[DATA EXTRACT Boundary: Start]

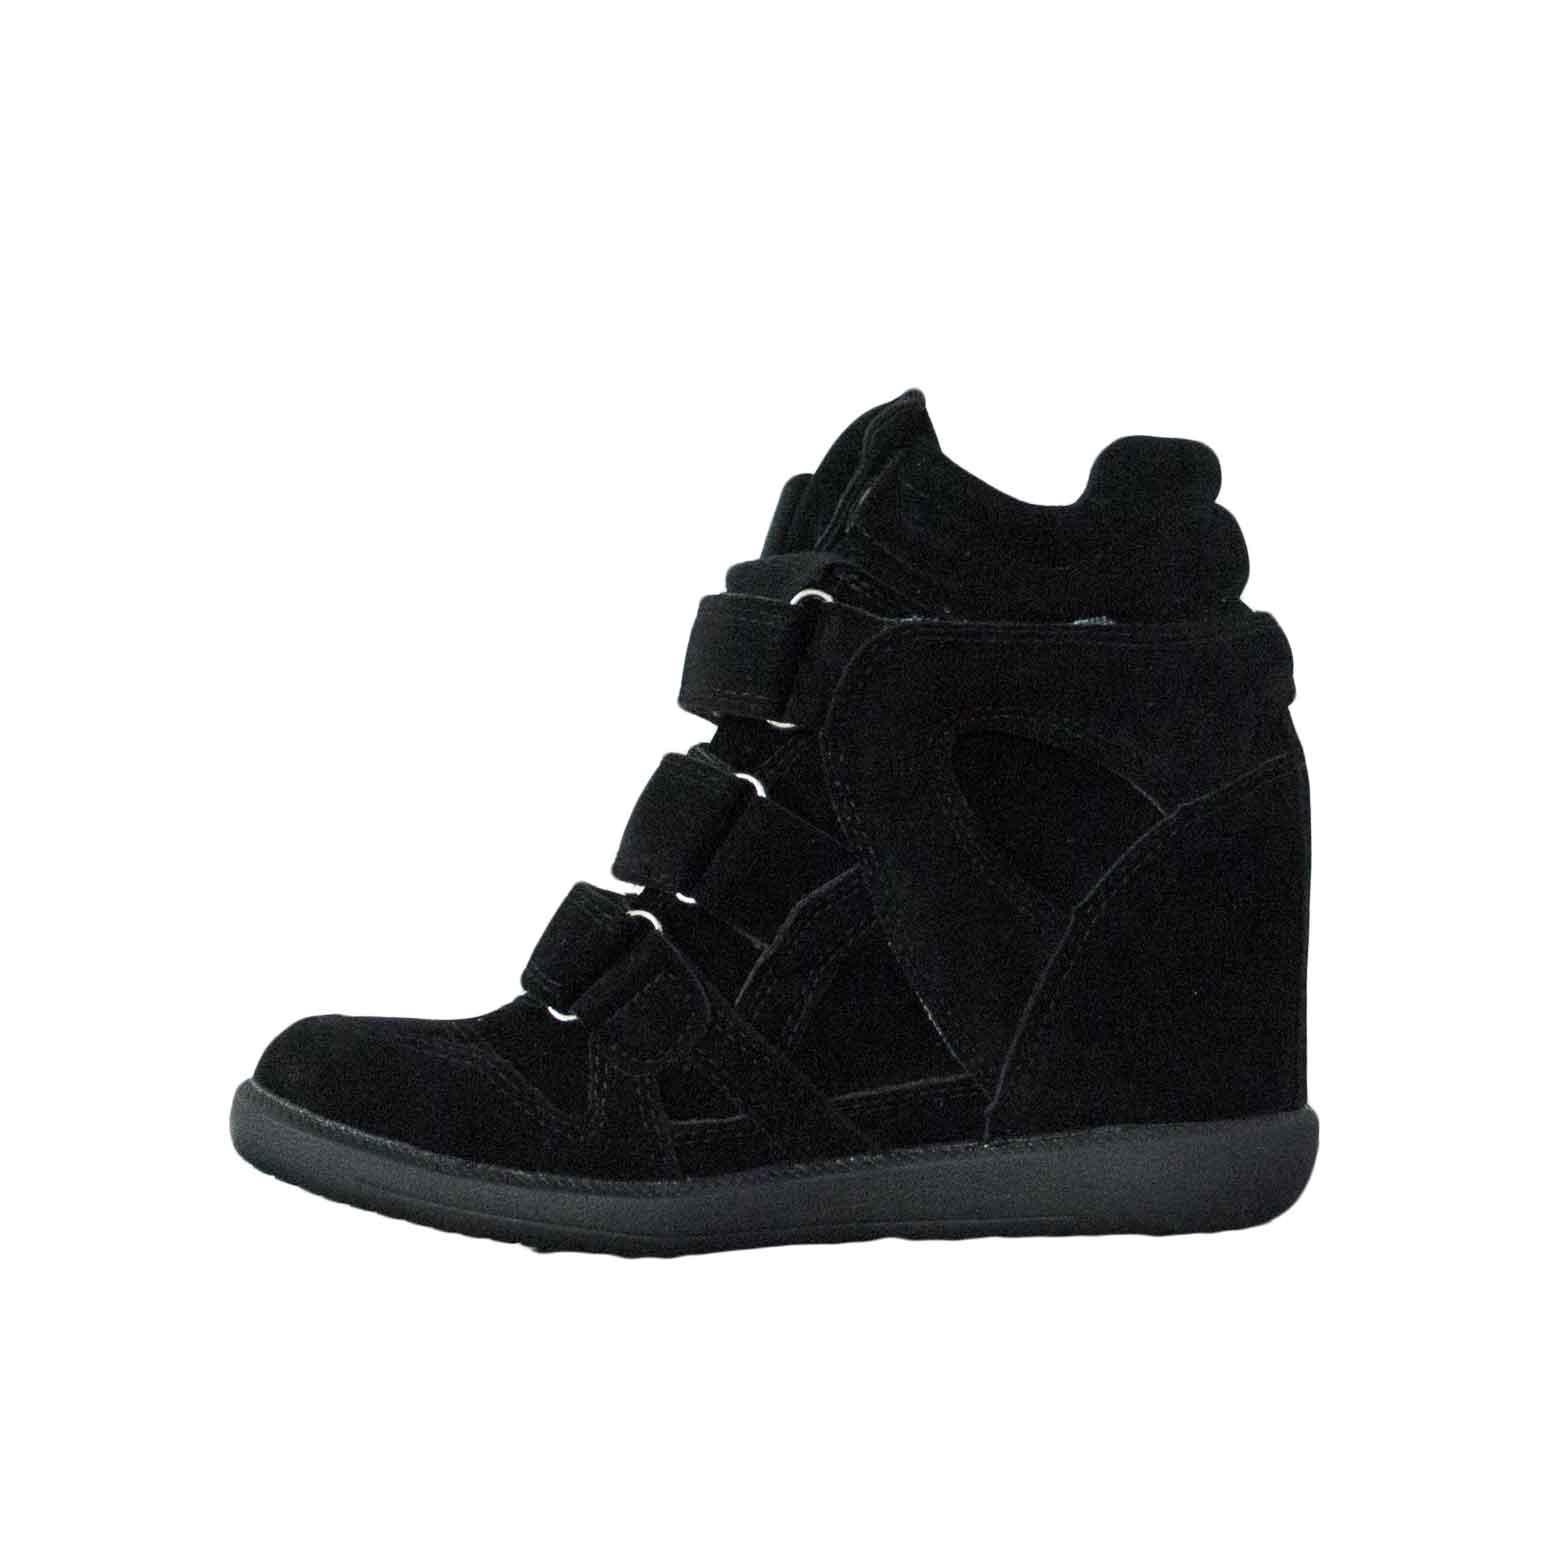 c9578af2b6a93 Scarpe donna sneakers alta con zeppa strappo camoscio nero moda donna  sneakers alta Malu Shoes
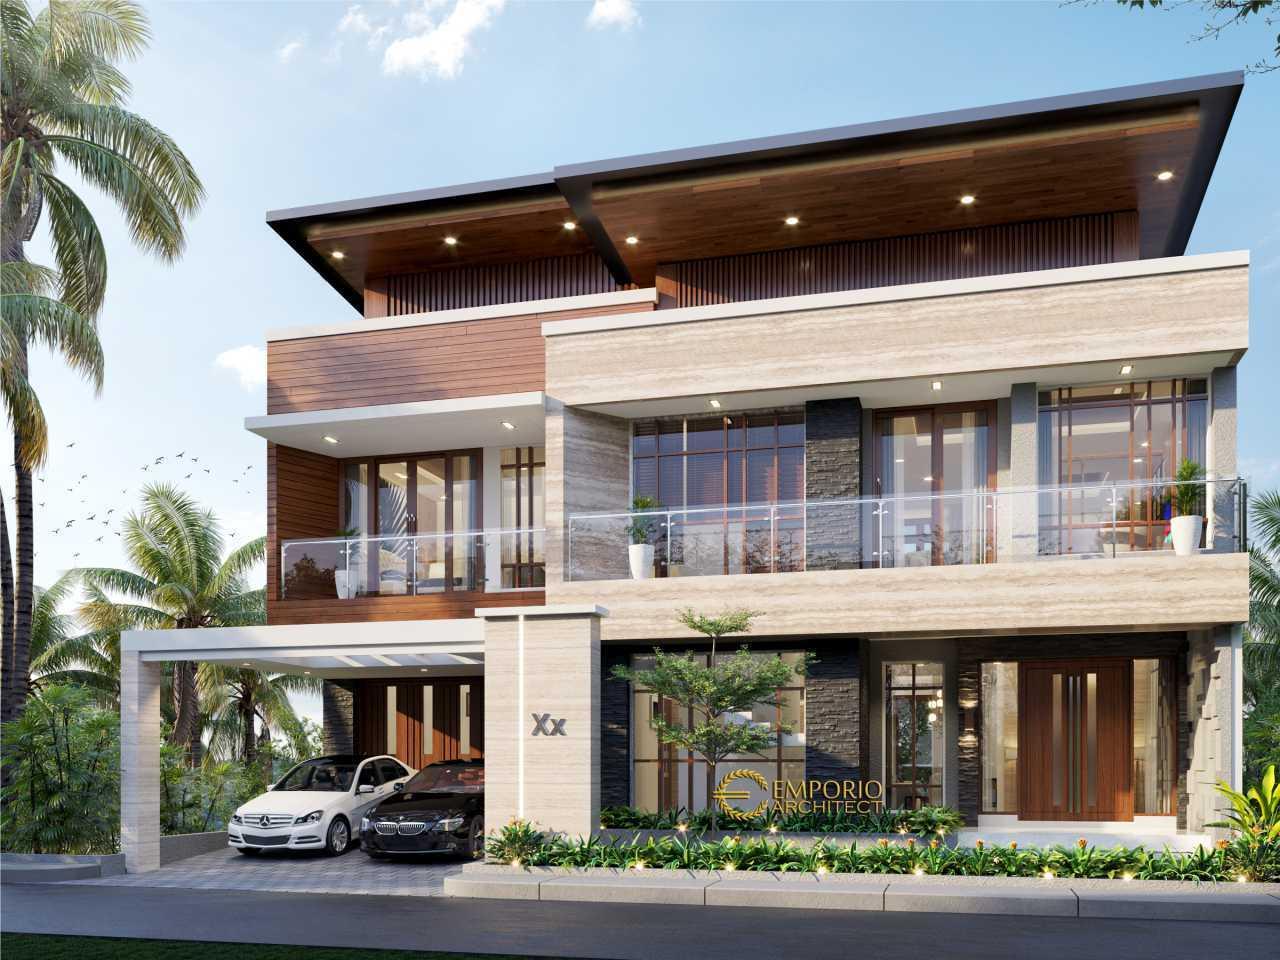 Emporio Architect Jasa Arsitek Bandung Desain Rumah 3 Lantai Style Modern Tropis 751 @ Bandung, Jawa Barat Bandung, Kota Bandung, Jawa Barat, Indonesia Bandung, Kota Bandung, Jawa Barat, Indonesia Emporio-Architect-Jasa-Arsitek-Bandung-Desain-Rumah-3-Lantai-Style-Modern-Tropis-751-Bandung-Jawa-Barat Modern 86655
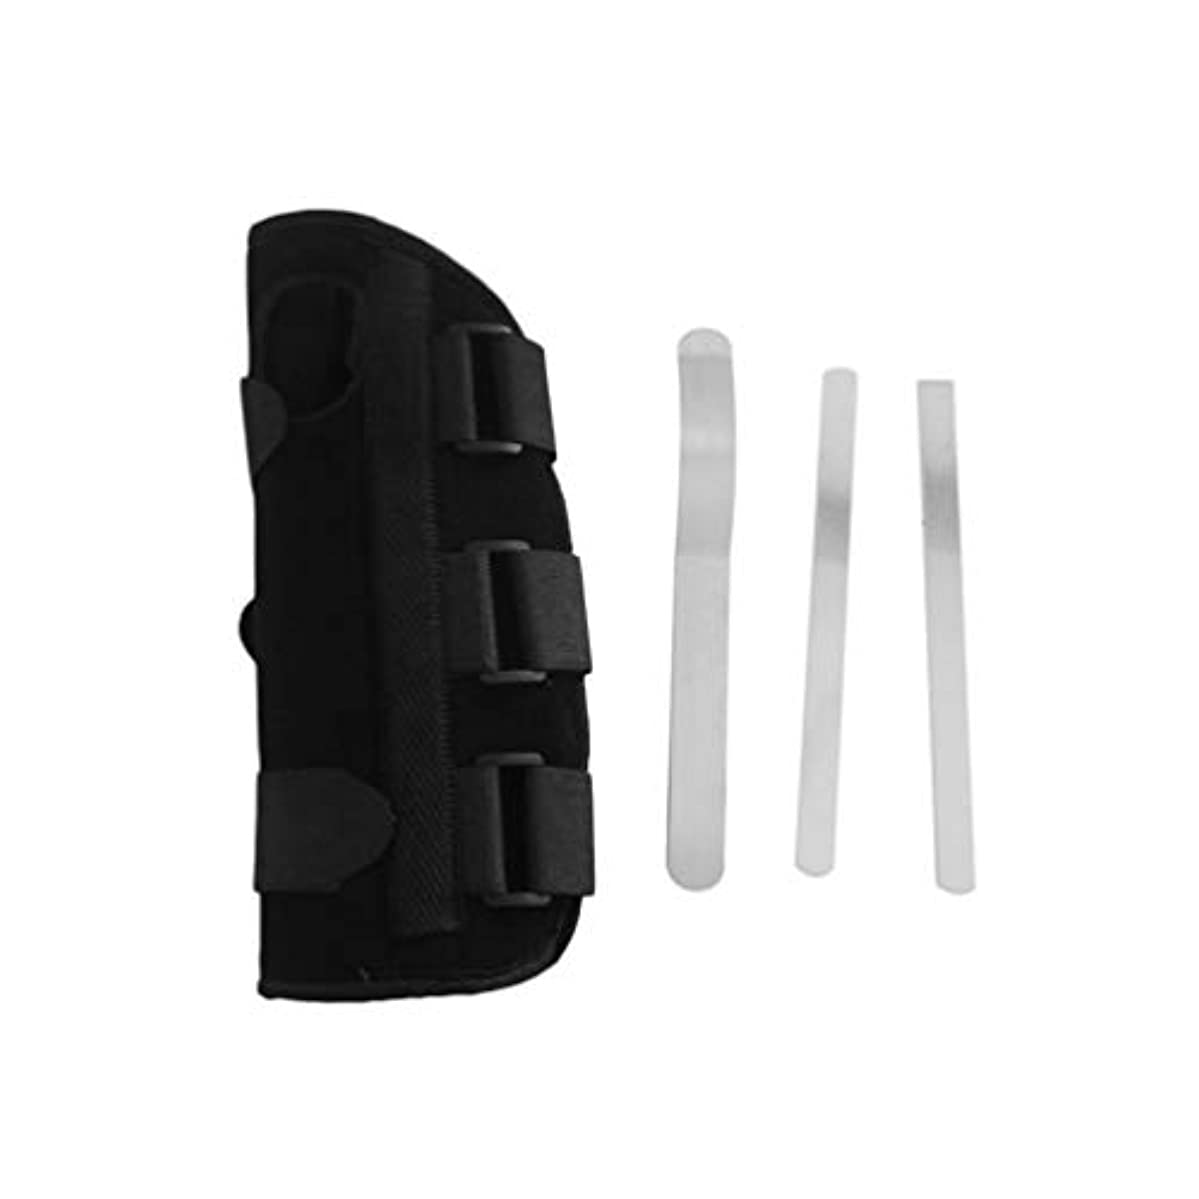 掃くせせらぎ非互換手首副木ブレース保護サポートストラップカルペルトンネルCTS RSI痛み軽減リムーバブル副木快適な軽量ストラップ - ブラックM

[DATA EXTRACT Boundary: End]

> [ACTION ITEM]: With pictures excluded, the data must be transcribed in full and to the letter.

> [WRITTEN ANSWER]:
 c9578af2b6a93 Scarpe donna sneakers alta con zeppa strappo camoscio nero moda donna  sneakers alta Malu Shoes
 Emporio Architect Jasa Arsitek Bandung Desain Rumah 3 Lantai Style Modern Tropis 751 @ Bandung, Jawa Barat Bandung, Kota Bandung, Jawa Barat, Indonesia Bandung, Kota Bandung, Jawa Barat, Indonesia Emporio-Architect-Jasa-Arsitek-Bandung-Desain-Rumah-3-Lantai-Style-Modern-Tropis-751-Bandung-Jawa-Barat Modern 86655
 掃くせせらぎ非互換手首副木ブレース保護サポートストラップカルペルトンネルCTS RSI痛み軽減リムーバブル副木快適な軽量ストラップ - ブラックM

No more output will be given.